- **Exercise**: In the material below, begin at the line that has "Afro Bussin' Tote Bag", stop after the line that has "Two ID badges", and transcribe those lines exactly, without pictures.

- **Listed entries**:
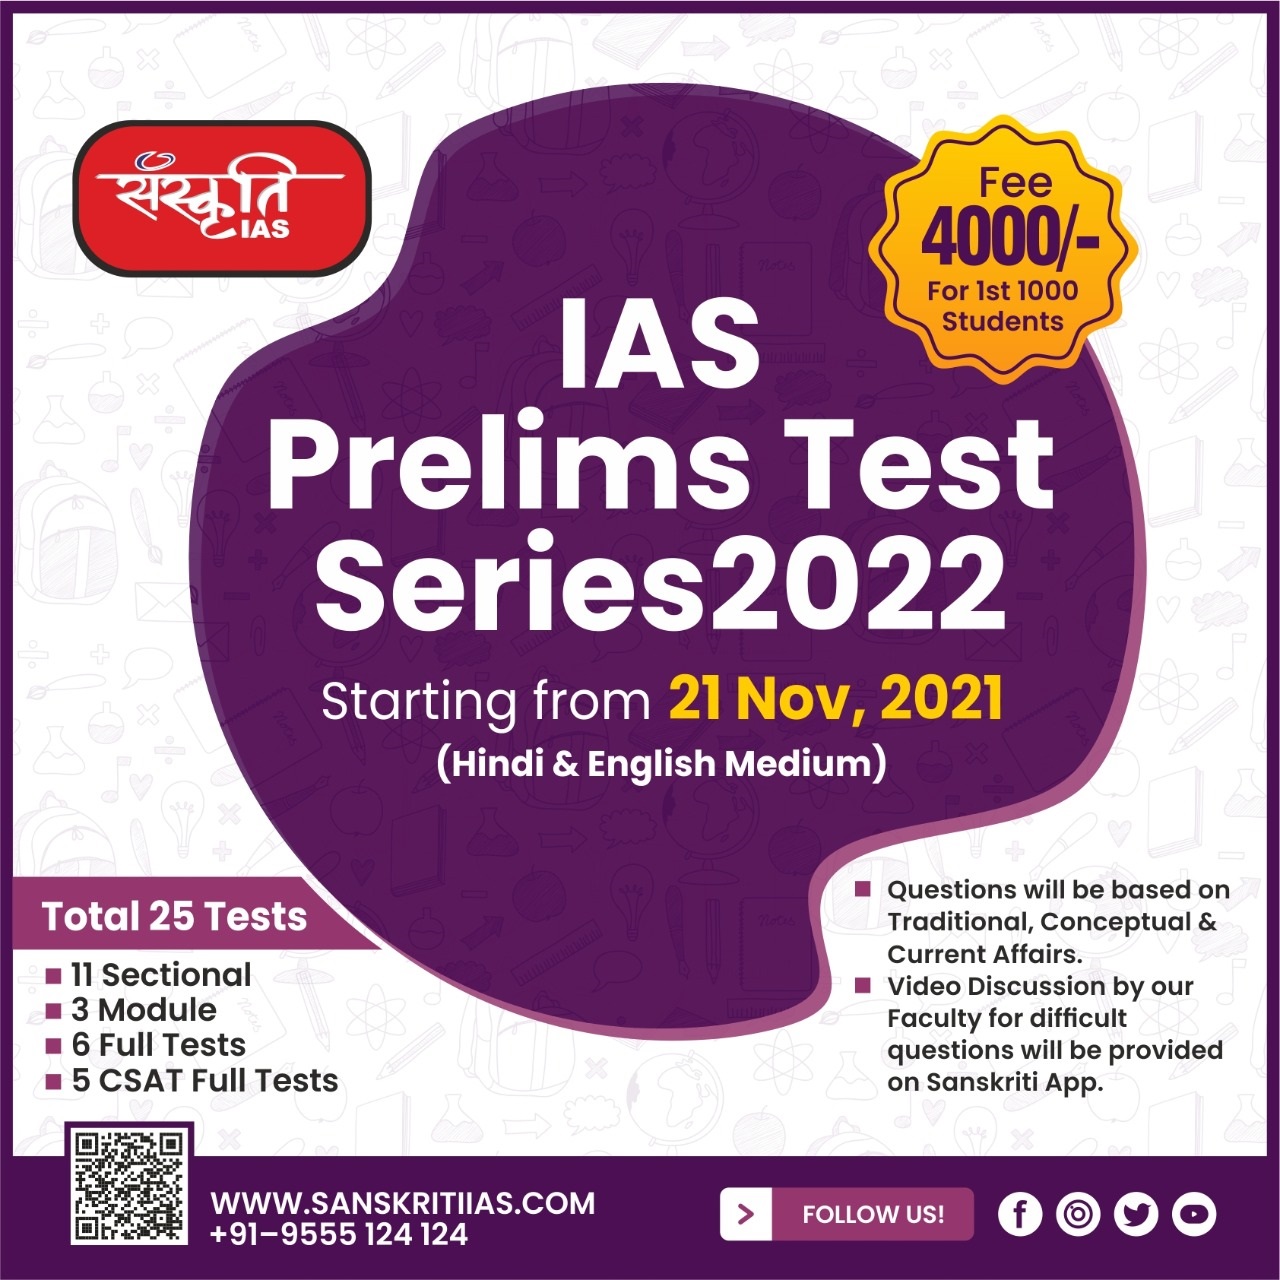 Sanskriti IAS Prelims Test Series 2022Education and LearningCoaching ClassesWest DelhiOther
* * *
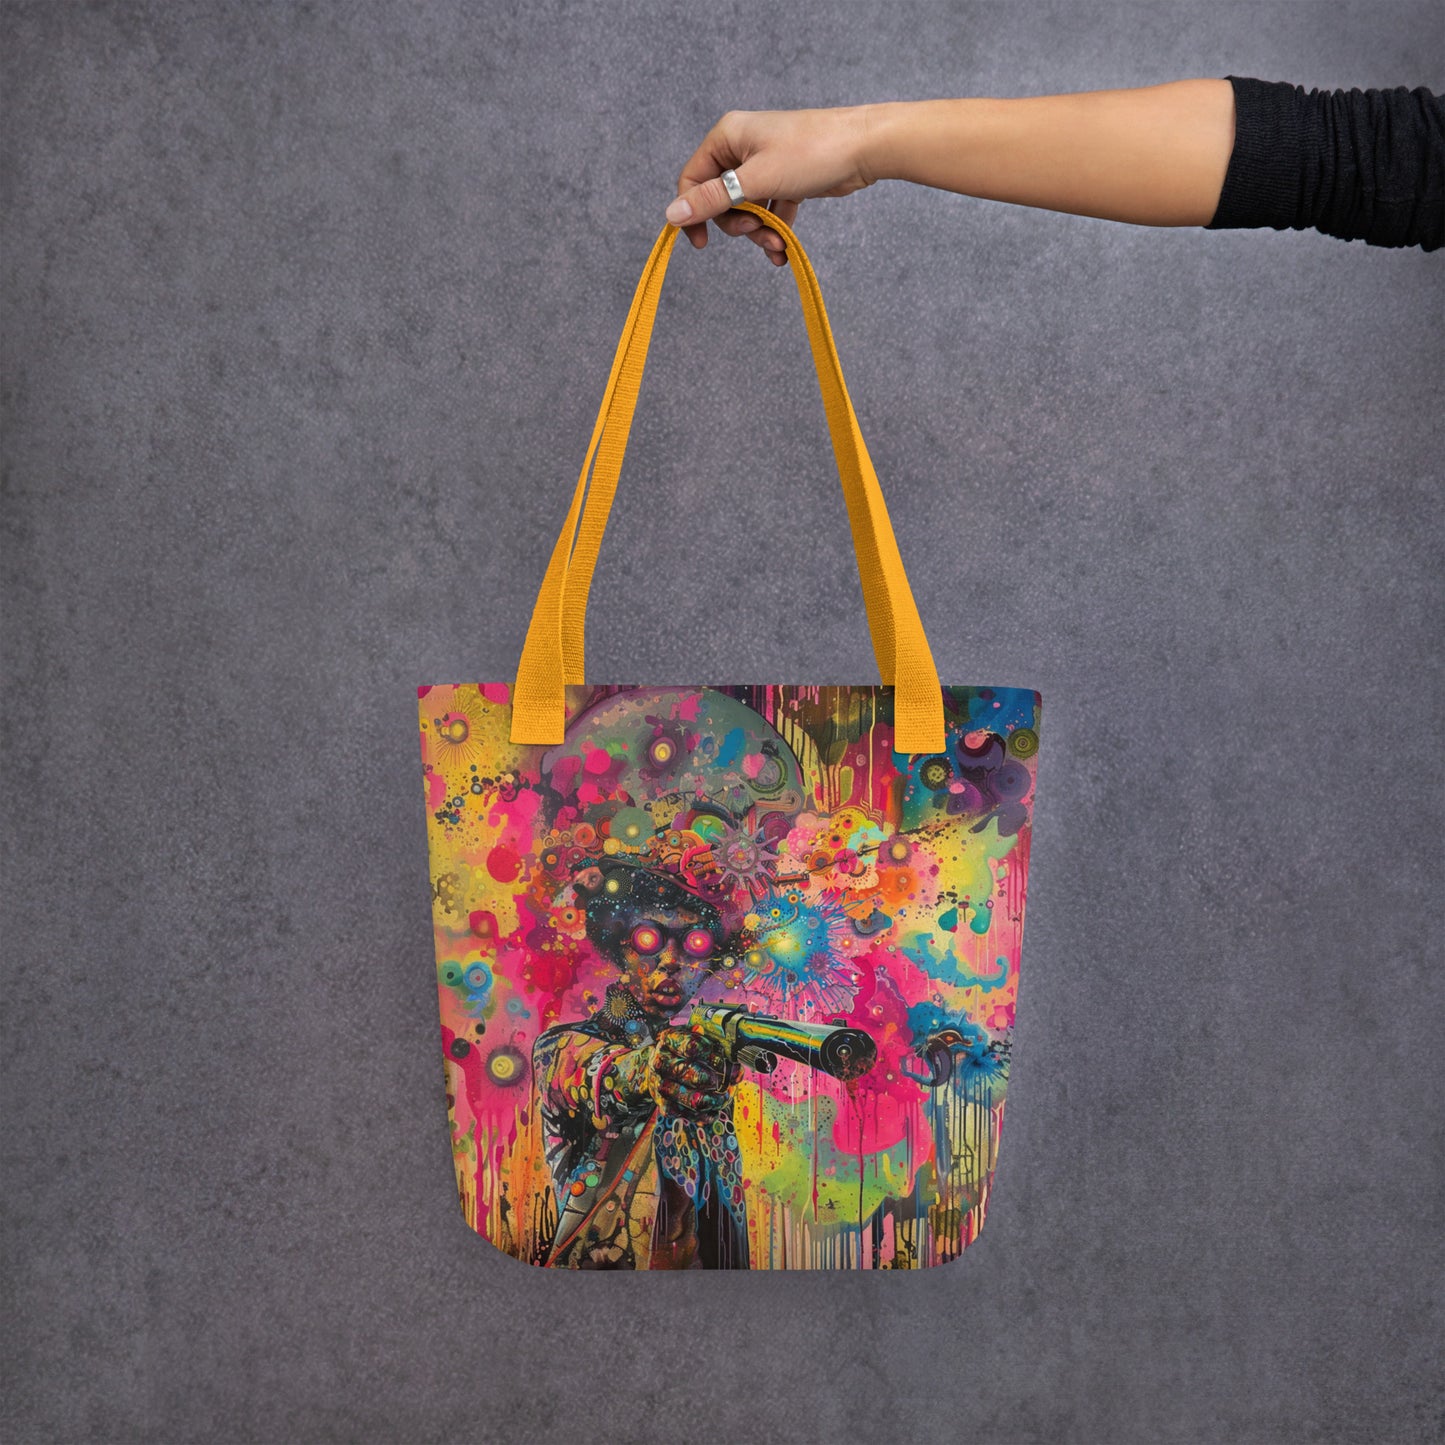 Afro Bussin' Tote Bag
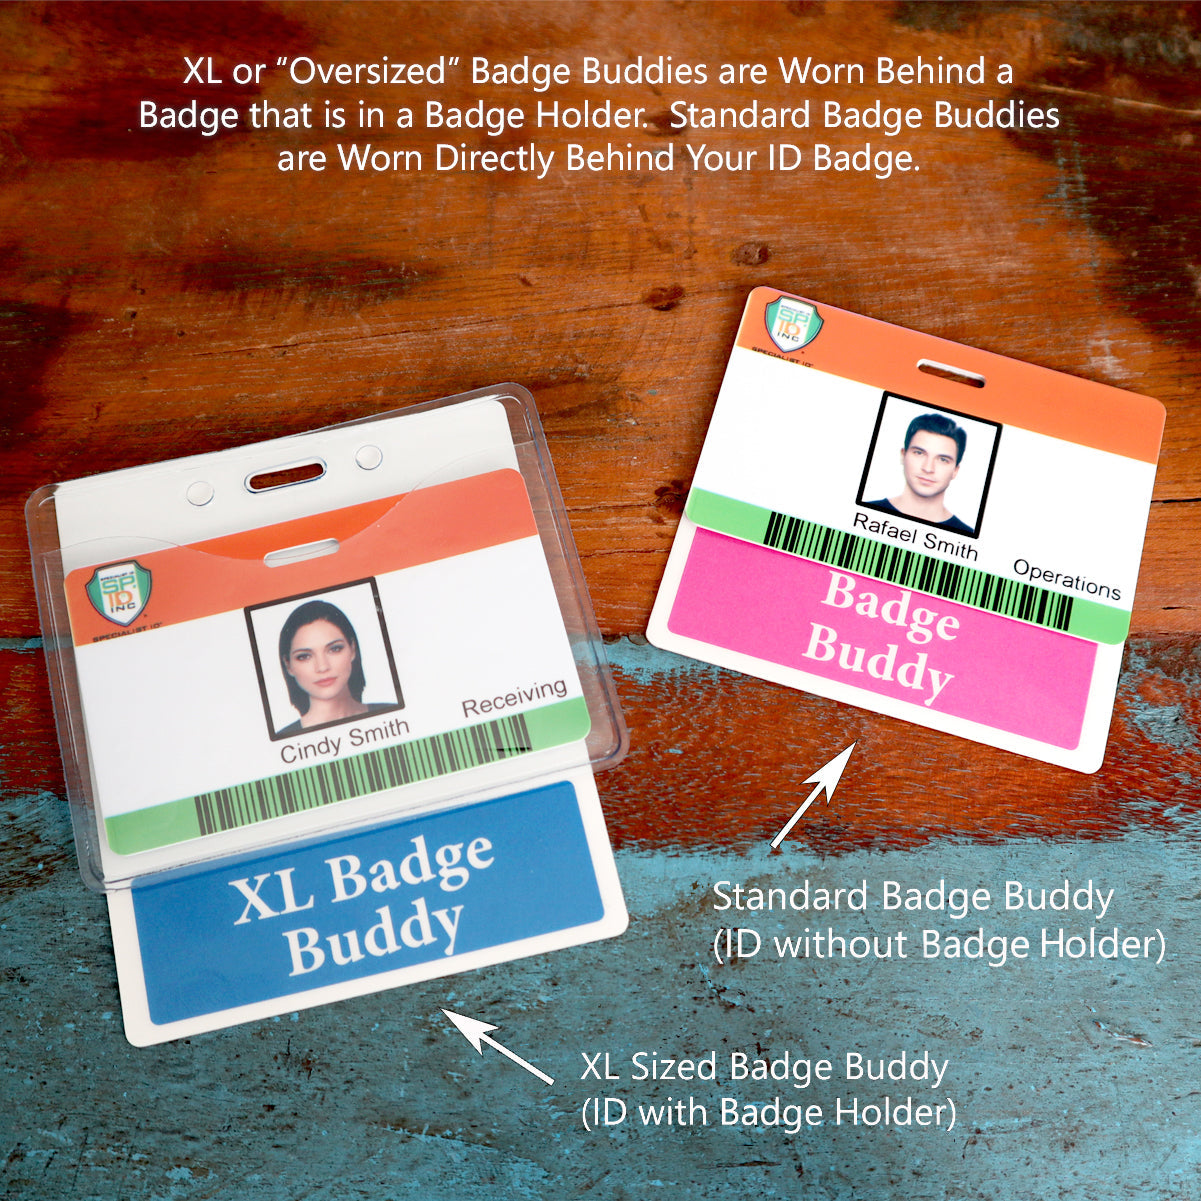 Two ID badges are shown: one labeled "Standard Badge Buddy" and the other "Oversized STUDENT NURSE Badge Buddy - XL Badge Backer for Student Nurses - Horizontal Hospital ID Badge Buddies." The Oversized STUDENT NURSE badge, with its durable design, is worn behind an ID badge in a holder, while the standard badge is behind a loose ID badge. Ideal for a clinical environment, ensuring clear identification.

- **Answer to the problem**:
 Afro Bussin' Tote Bag
 Two ID badges are shown: one labeled "Standard Badge Buddy" and the other "Oversized STUDENT NURSE Badge Buddy - XL Badge Backer for Student Nurses - Horizontal Hospital ID Badge Buddies." The Oversized STUDENT NURSE badge, with its durable design, is worn behind an ID badge in a holder, while the standard badge is behind a loose ID badge. Ideal for a clinical environment, ensuring clear identification.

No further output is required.